Of the 15 races, here are the results in three key ones.
In District 2, which covers part of the Gulf Coast, Republican LJ Francis beat Democrat Victor Perez. During his campaign, Francis claimed that "woke liberals" are pushing a critical race theory agenda. The district had been a Democrat stronghold since 2012.
In District 11, which covers parts of Tarrant and Parker counties, Republican incumbent Pat Hardy, first elected in 2002, won reelection, beating Democrat Luis Miguel Sifuentes. Going into the primaries last spring and the general election Tuesday night, Hardy made it a priority to get critical race theory and The New York Times’ Pulitzer Prize-winning 1619 Project out of classrooms. Current law already prohibits teaching about the 1619 Project.
Another Republican incumbent, Matt Robinson of District 7, which covers part of the Gulf Coast, did not run because he felt he couldn’t beat challenger Julie Pickren, who made critical race theory a central part of her campaign. Pickren beat Democrat Dan Hochman, whom Robinson endorsed. Pickren is a former Alvin Independent School District board member.
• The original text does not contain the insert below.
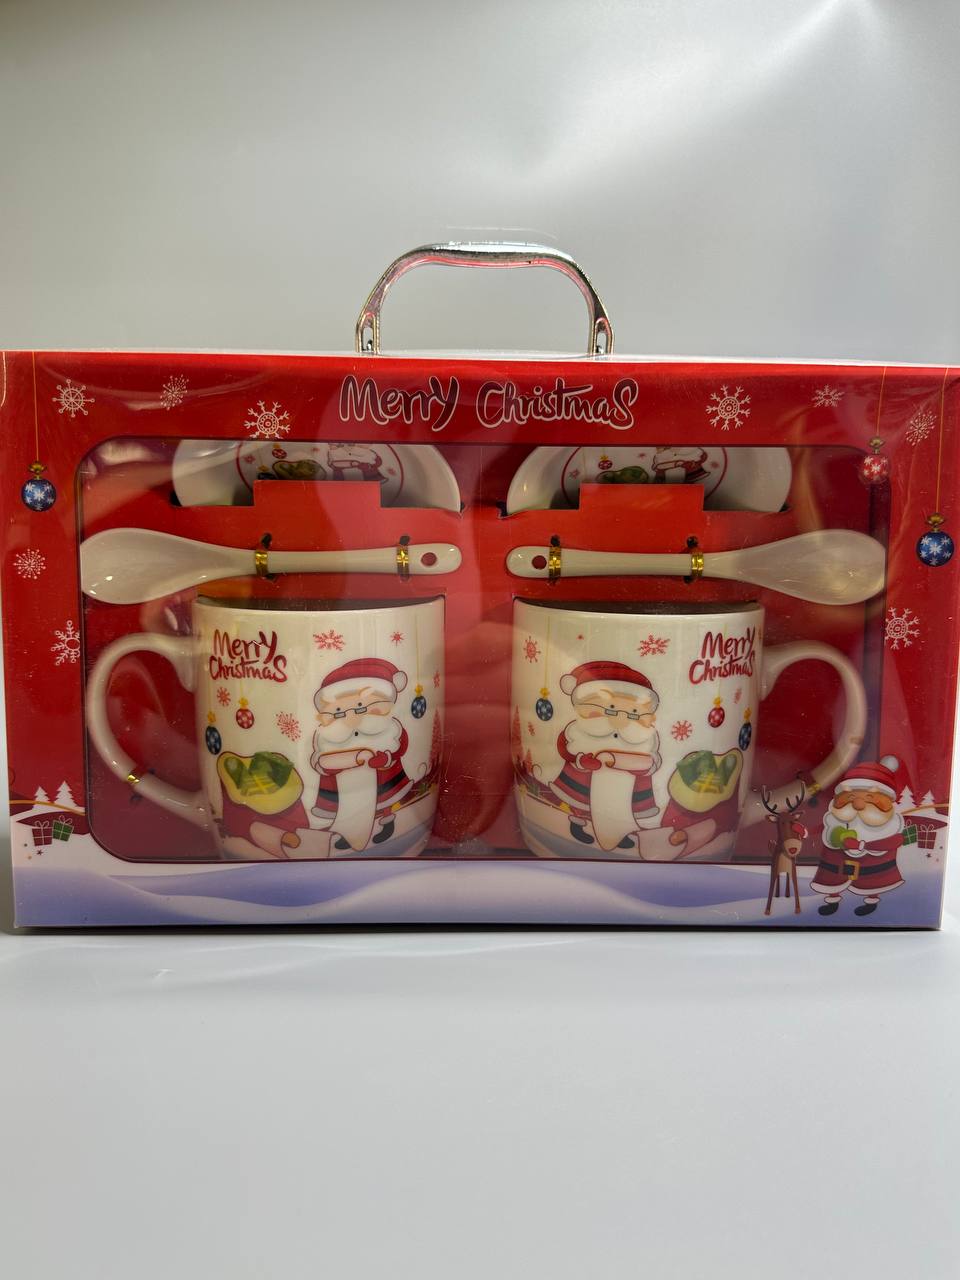 Набор кермических чашек 2 шт. 350мл с блюдцами, ложками "Санта Клаус" в подар.чемодане, 4 в Красный Unison (HK-651-B)

After it was reported that Pickren traveled to Washington, D.C., to attend the Jan. 6, 2021, rally staged by former President Donald Trump in which he falsely stated the election had been stolen, she lost reelection to the Alvin ISD board of trustees.
The new state education board will have a large influence over potential changes to the social studies curriculum in the state’s more than 8,000 public schools. Before the elections, the State Board of Education decided to delay updating the statewide social studies curriculum standards until at least 2025.
The board’s decision came after conservative lawmakers and parents testified that the proposed updates were influenced by critical race theory and didn’t include enough "American exceptionalism" or Christianity.
Board members like Republicans Will Hickman and Pam Little deny that they were pressured to delay the overhaul of the social studies curriculum. Instead, they said they felt some of the content proposed was not age-appropriate and they wanted to keep the current course schedule of requiring Texas history in the fourth and seventh grades. The proposals before the board this summer would have eliminated the current schedule. Hickman won reelection in District 6, covering parts of the Houston area, and Little won reelection in District 12, covering parts of North Texas.